We sometimes forget how important it is to understand what someone is saying. We enter the house and talk Afrikaans and we know the reaction will be in Afrikaans. At the workplace or in the shop someone is speaking English and we understand what is being said without even thinking twice about it. But what if you find yourself in a foreign country where English isn’t usually spoken and Afrikaans not spoken at all? Then you merely stutter through a broken “parlez vous anglaise?” or “tu habla ingles” until you find someone that can signal you in the right direction in broken English. It is already a challenge during an overseas holiday to find your way through the country with a mixture between the strange language and broken English, but what if you happen to live there and are unable to speak the language?
To learn a new language takes time and hard work but you don’t have to listen to CD’s or read dictionaries for hours on end in an attempt to decipher the language. We live in a wonder world filled with resources that make it easier to learn new things and to learn a new language has never been easier than now. Without further ado, here are my top tips to learn a new language.
Download an application
We kick off the list with the fastest way to get going with a new language – using your cell phone! There are plenty of applications that were created with the aim of making languages easy and accessible. The applications were created to easily fit into your schedule and need as little as five minutes per day to help you learn a couple of new words and phrases. The two best apps in this regard are Duolingo, which is free unless you choose the premium option, and Babbel, which offers the first lesson for free whereafter a monthly fee of R150 is payable. Duolingo is a great application that focuses more on vocabulary and learning informal language, while Babbel is more focused on getting you to speak the language as soon as possible.
Listening to music
One of the best ways to become comfortable with a language and learn the vocabulary in a more relaxed manner is by listening to music. The best genre for this is pop songs as they contain a lot of repetitions and include ballads that are slower. If you are learning French, then someone like Carla Bruni is a good option and for Dutch, artists such as Guus Meeuwis, Nick & Simon and Kenny B will be of great help. Practise to sing along and read the translations of the lyrics so that you can get an idea of what you are singing. Singing along will not only help to expand your vocabulary, but also to master the pronunciation.
Speak the language
This tip is naturally easier for people who are surrounded by the language that they want to learn. It is also easier said than done, because we as people are generally a bit scared to humiliate ourselves. Acting with lots of self-confidence and displaying your best accent and hard trained vocabulary, just to later realise that you said something completely different to what you intended to say, is enough to make anyone wish that the earth opens up and swallows them there and then. But it is part of the learning process. Get a colleague or friend that speaks the language and ask them to help you practise your language skills. In future talk with each other in the language and don’t hesitate to ask for help when you are struggling.
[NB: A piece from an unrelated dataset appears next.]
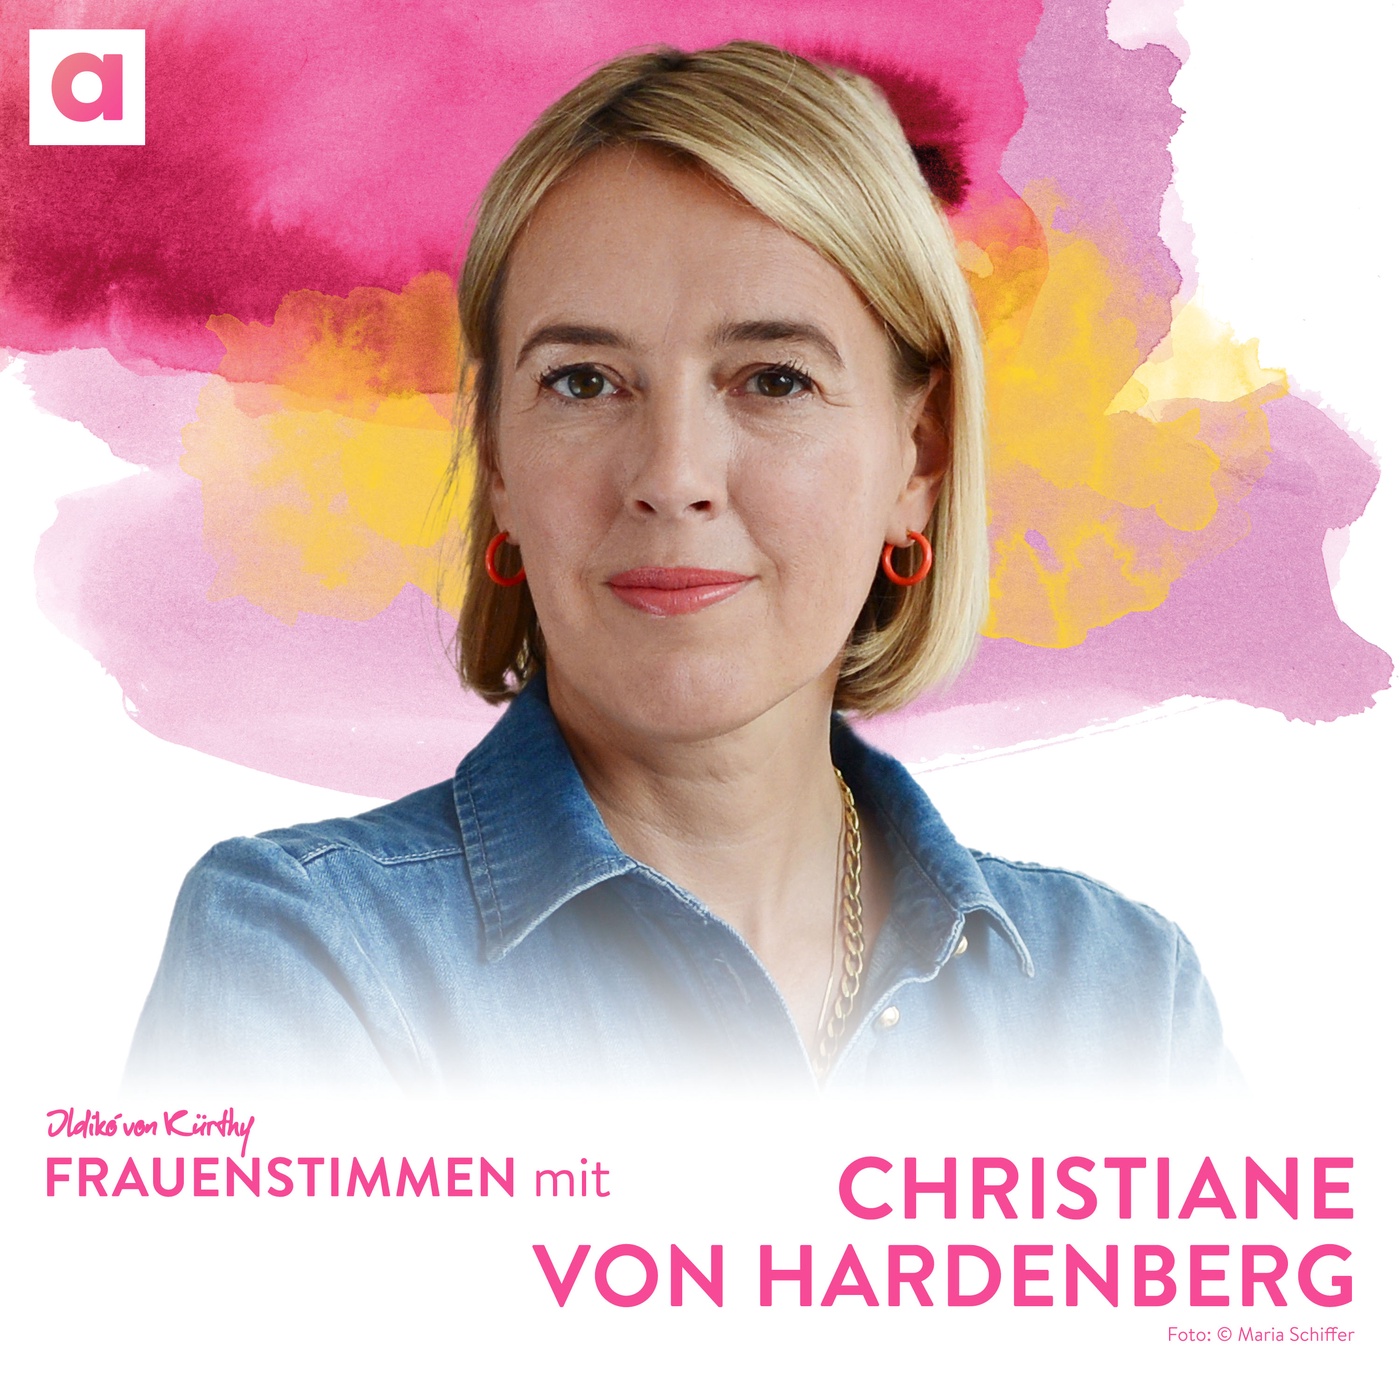 Finanzielle Unabhängigkeit mit Christiane von Hardenberg
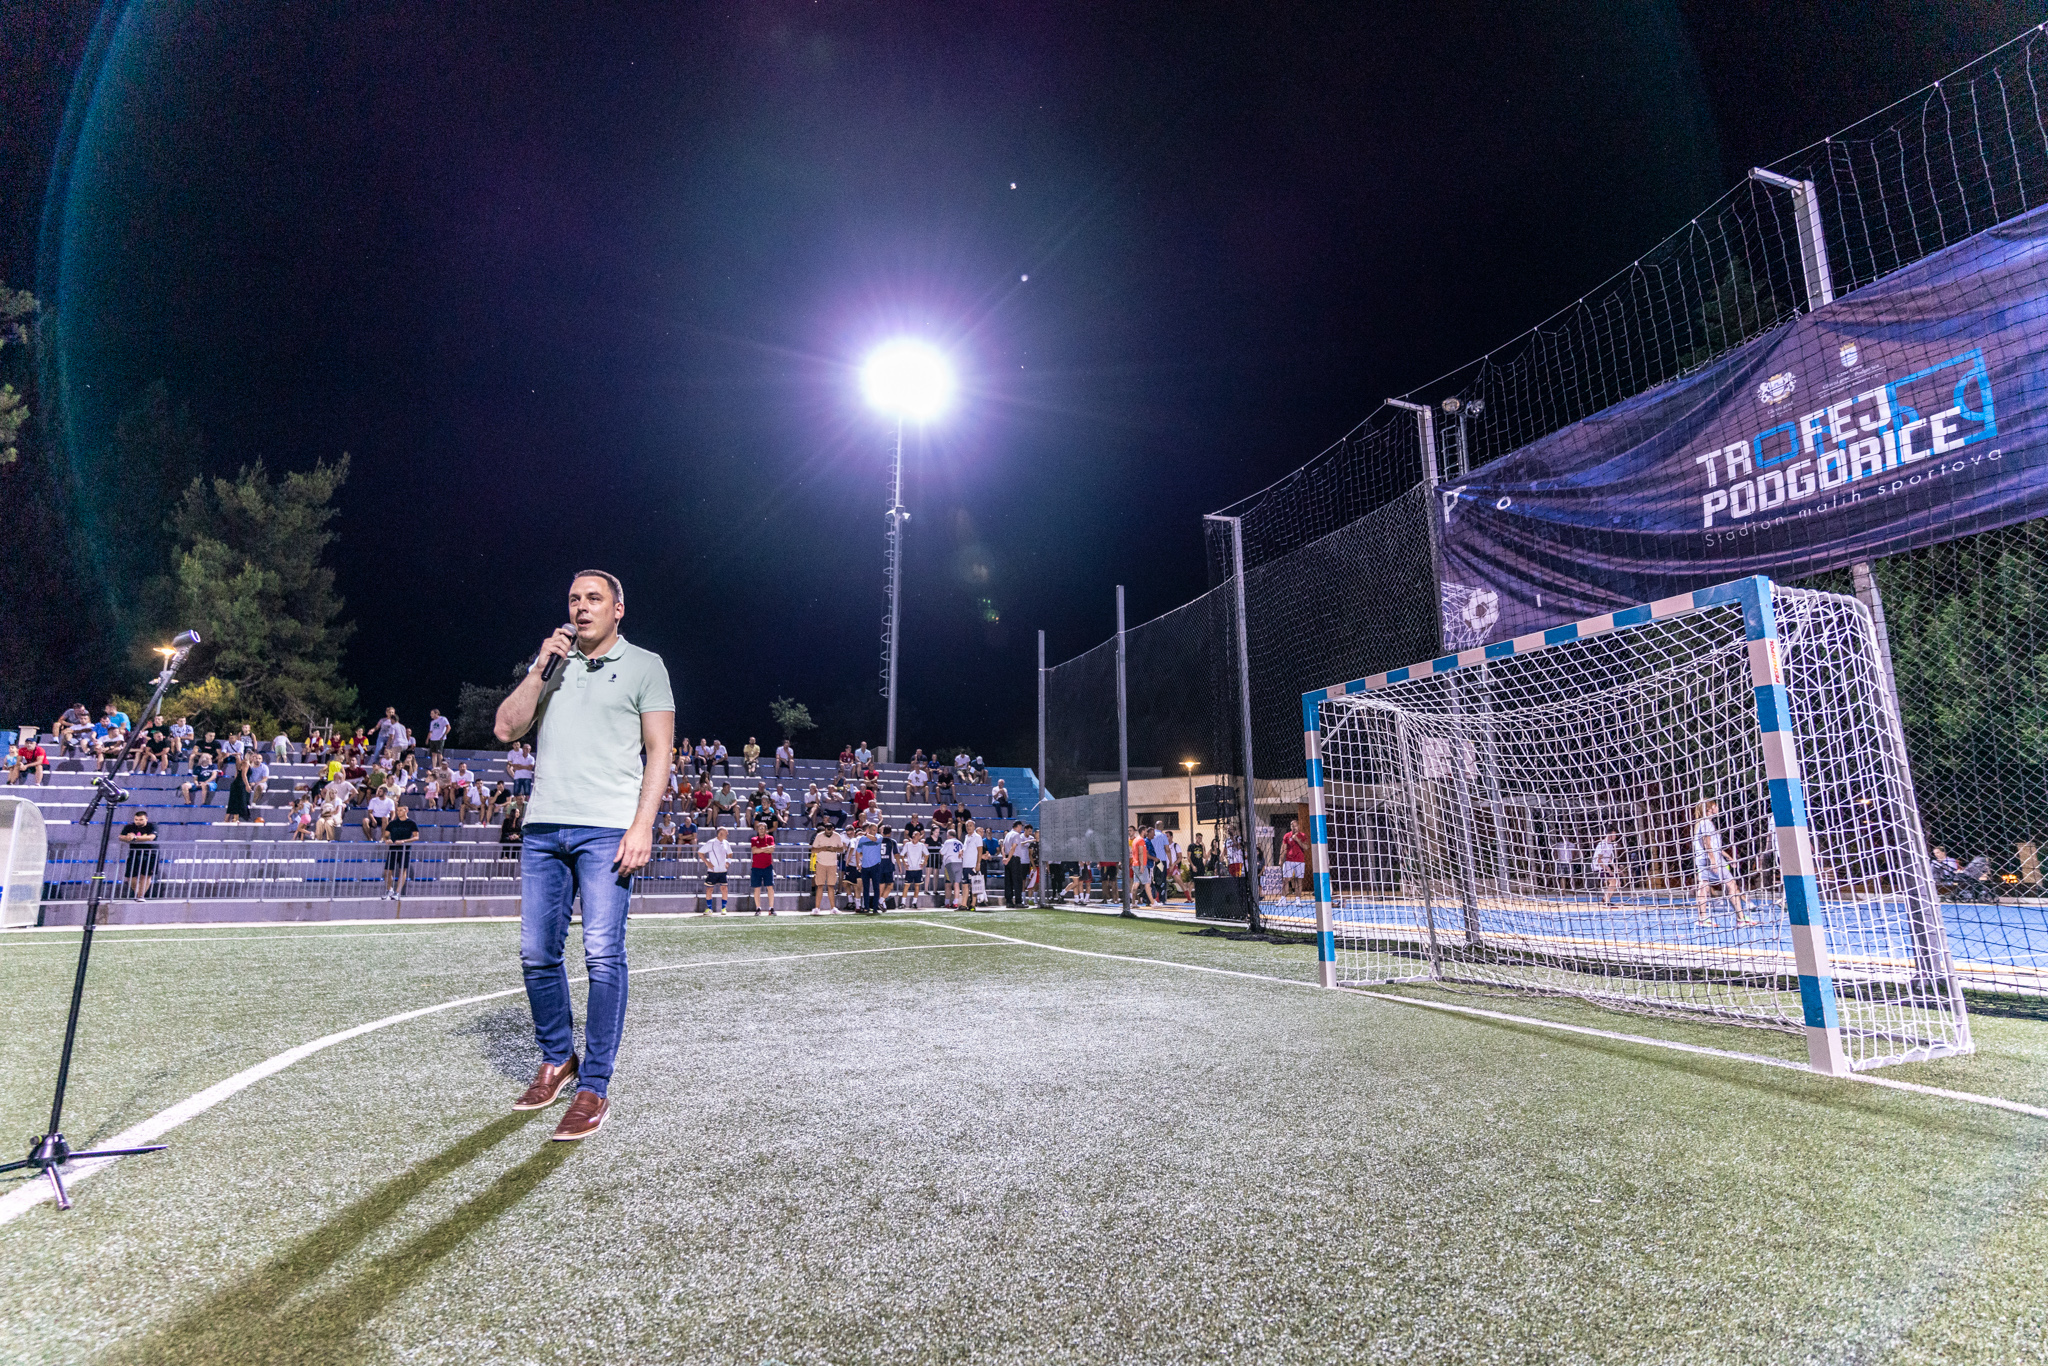 Glavni grad oživio staru tradiciju; Na Stadionu malih sportova se ponovo igra najbolji fudbal

Get a pen pal (or email pal)
There are various websites that offer those people who like to write letters – or to type emails – a platform to not only find a pen pal, but also someone who can help you learn a foreign language and in exchange who you can help learn Afrikaans or English. My Language Exchange is a good starting point if this option sounds appealing to you. If you write letters you can even expect to receive cute gifts such as stickers or badges from across the world as a bonus!
Practise, practise, practise
Like anything else that needs to be mastered, the secret to learning a new language also lies in the practise thereof. You need to be willing to put in the time to learn a new language. If you are desperate to learn a new language as quickly as possible within a certain timeframe, then it might be a good idea to pay a visit to an embassy and enquire about the possibility of extra classes. The Korean embassy, for example, offers courses for beginners, as well as advanced courses in Korean.
Learning a new language is an adventure and can open up a new world for you. It will sometimes be frustrating and sometimes you won’t be in the mood to practise, but once you start understanding the language it is the best feeling ever. Enjoy every moment!